Myrtle Witbooi was a South African labour activist. She currently serves as the General secretary of the South African Domestic Service and Allied Workers Union (SADSAWU). She also serves the first president of the International Domestic Workers Federation (IDWF), a membership-based global organization of household and domestic workers. Labor scholars have noted IDWF is the "first international labor federation run by women for work dominated by women." In January 2023, she lost her battle with cancer, dying after a valiant and brave fight with the disease.

Career 
In 1960s, Myrtle began her career as a young domestic worker in apartheid South Africa. With the help of a local journalist, she helped convene the first ever organisational meeting of domestic workers in Cape Town in 1965. As General Secterary of SADSAWU, she has fought for a national minimum wage increase and compensation for on-the-job injuries for domestic workers.
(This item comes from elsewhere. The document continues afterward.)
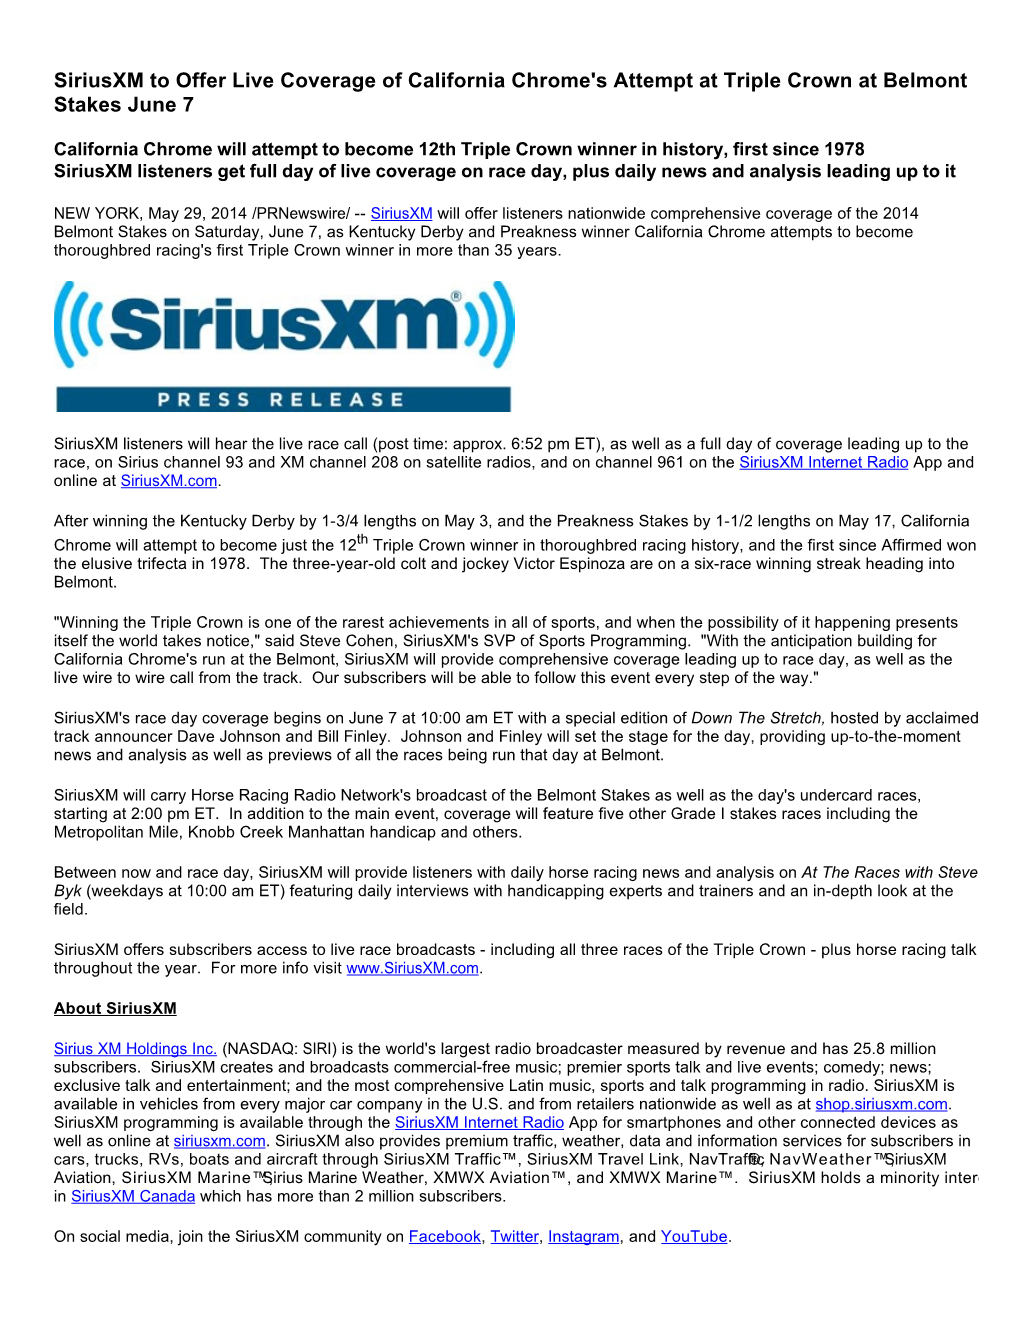 Siriusxm to Offer Live Coverage of California Chrome's Attempt at Triple Crown at Belmont Stakes June 7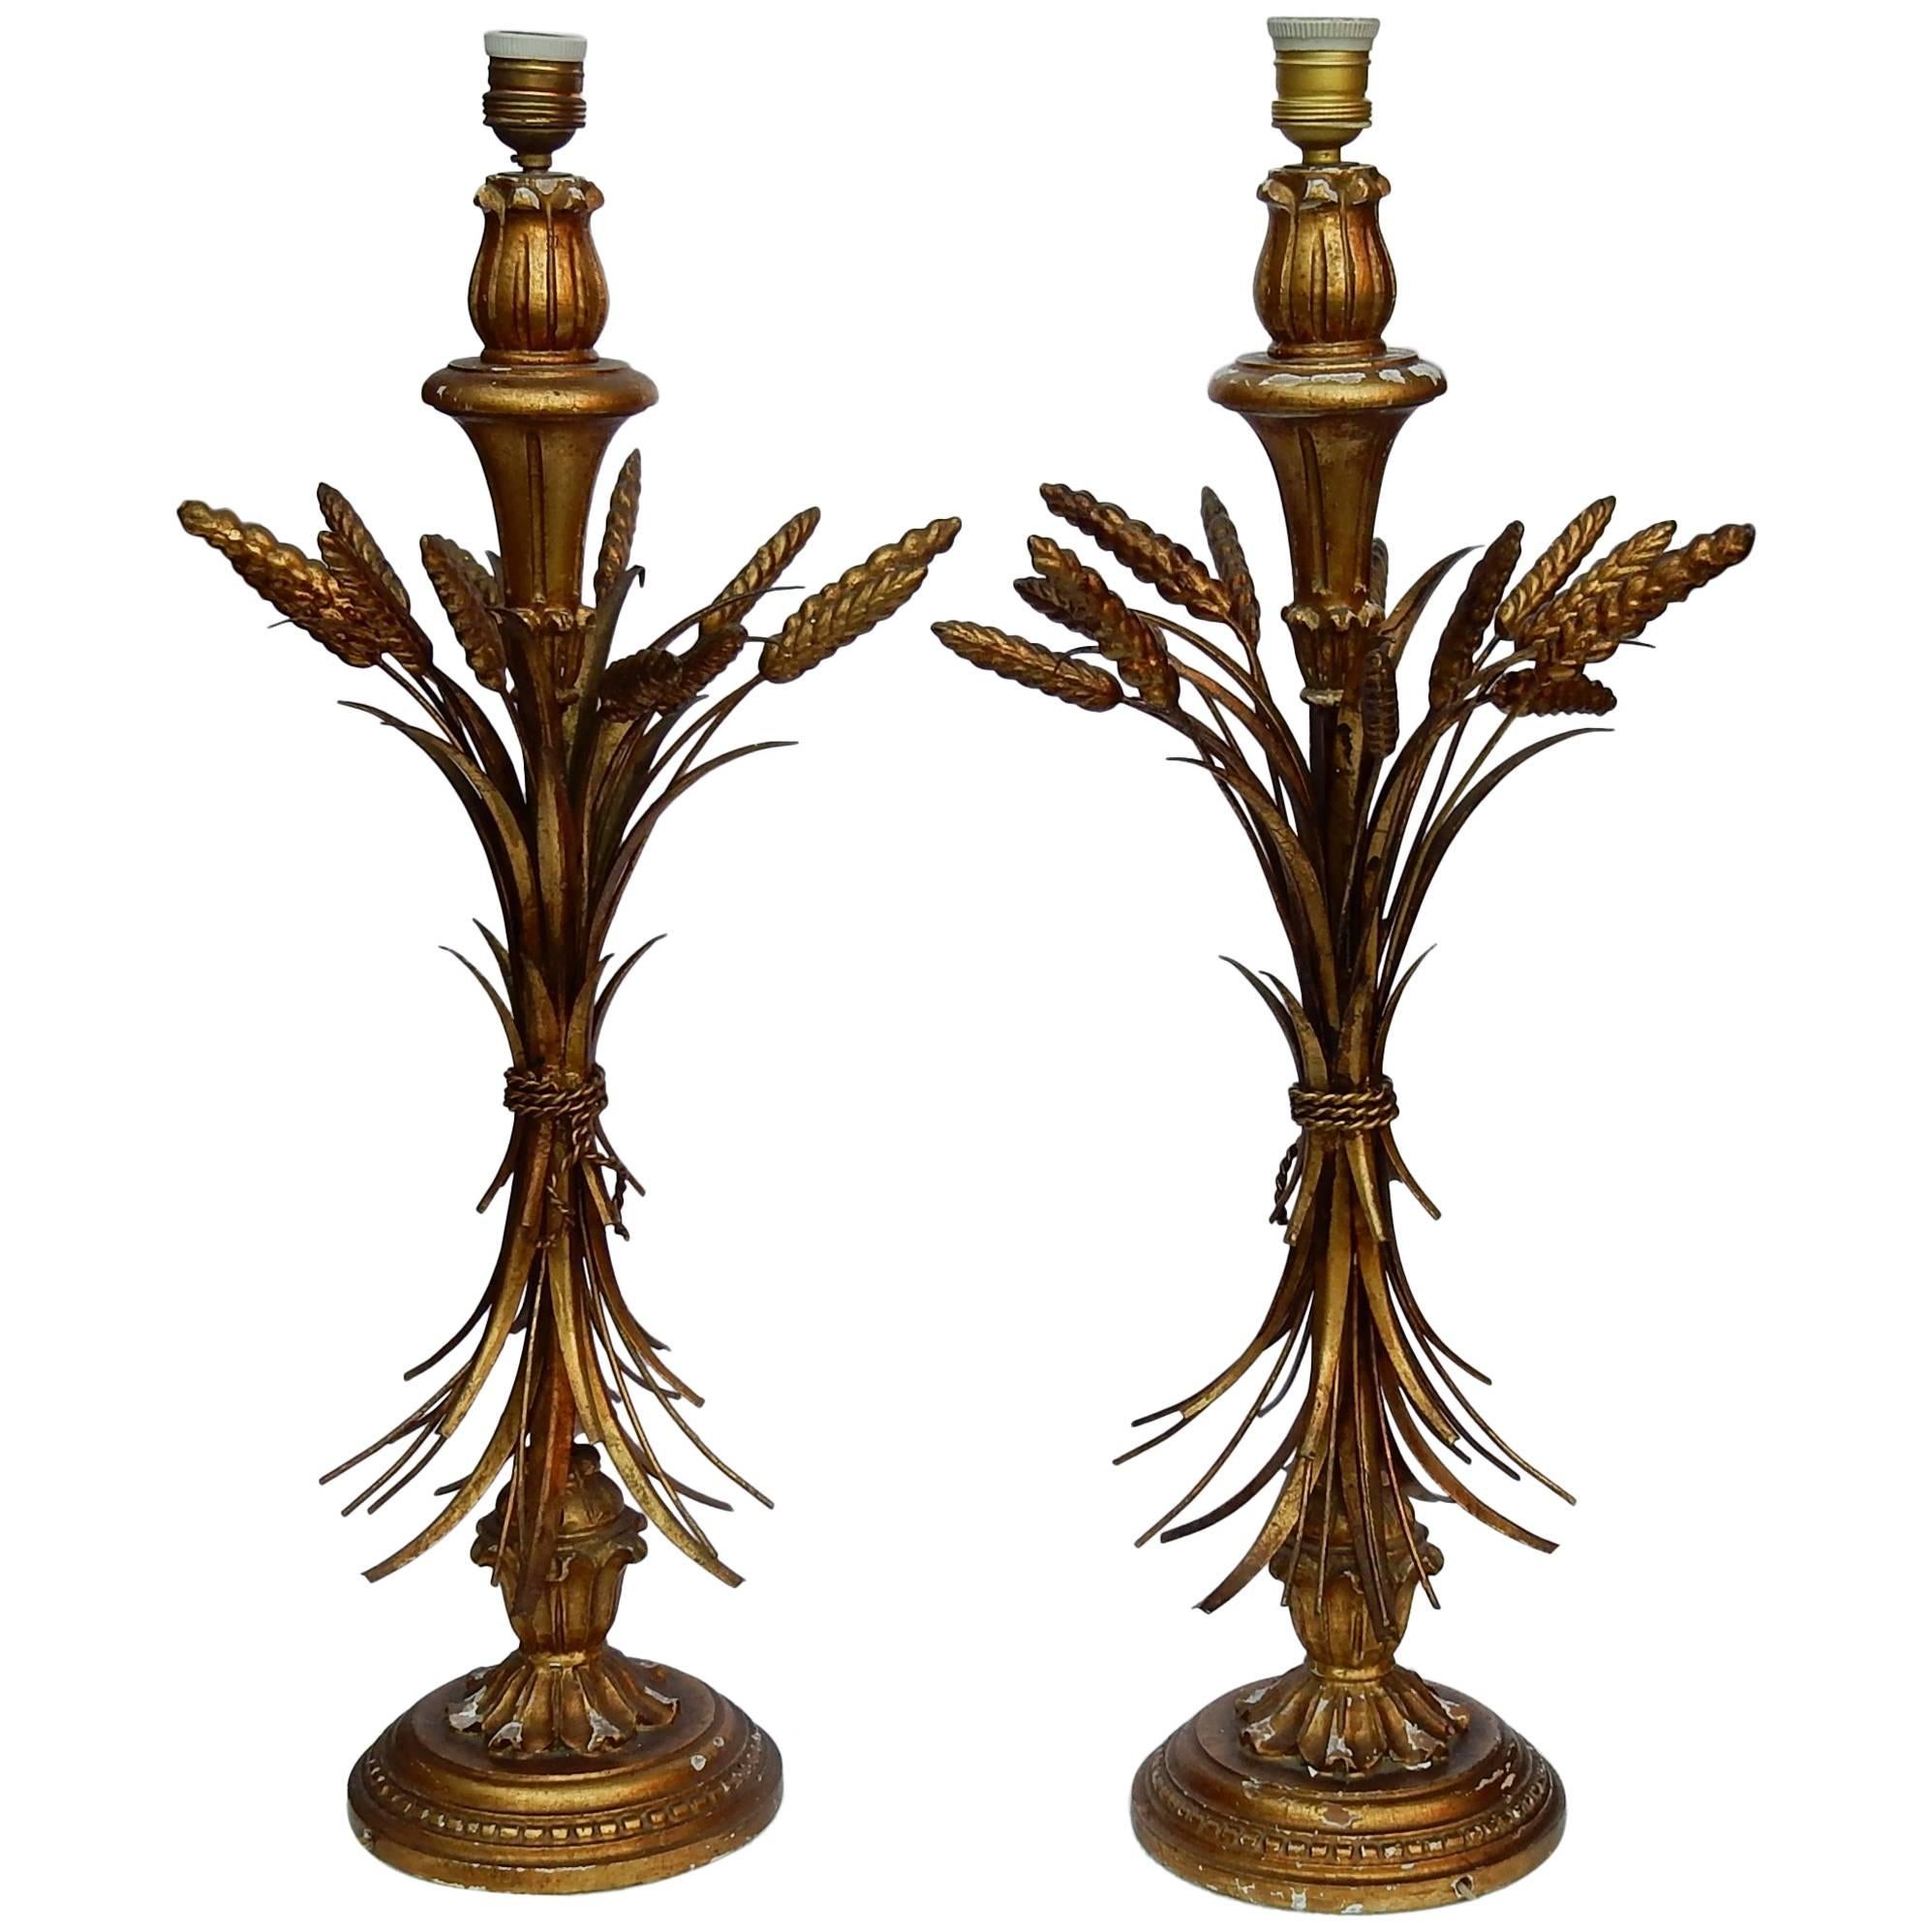 1950-1970 Pair of Golden Wood Lamps with Sheaf of Wheat

In 2011, Myrtle helped lead the international coalition of domestic workers that secured passage of the International Labor Organization (ILO) Convention on Decent Work for Domestic Workers (C. 189). The Convention (No. 189) on domestic workers has become the first international labor standard to ensure domestic workers the same basic rights as other workers.  As part of SADSAWU, Myrtle played a central role in influencing the ILO Domestic Workers Convention C.189. The convention marked unprecedented involvement of informal women workers in the ILO standard-setting process.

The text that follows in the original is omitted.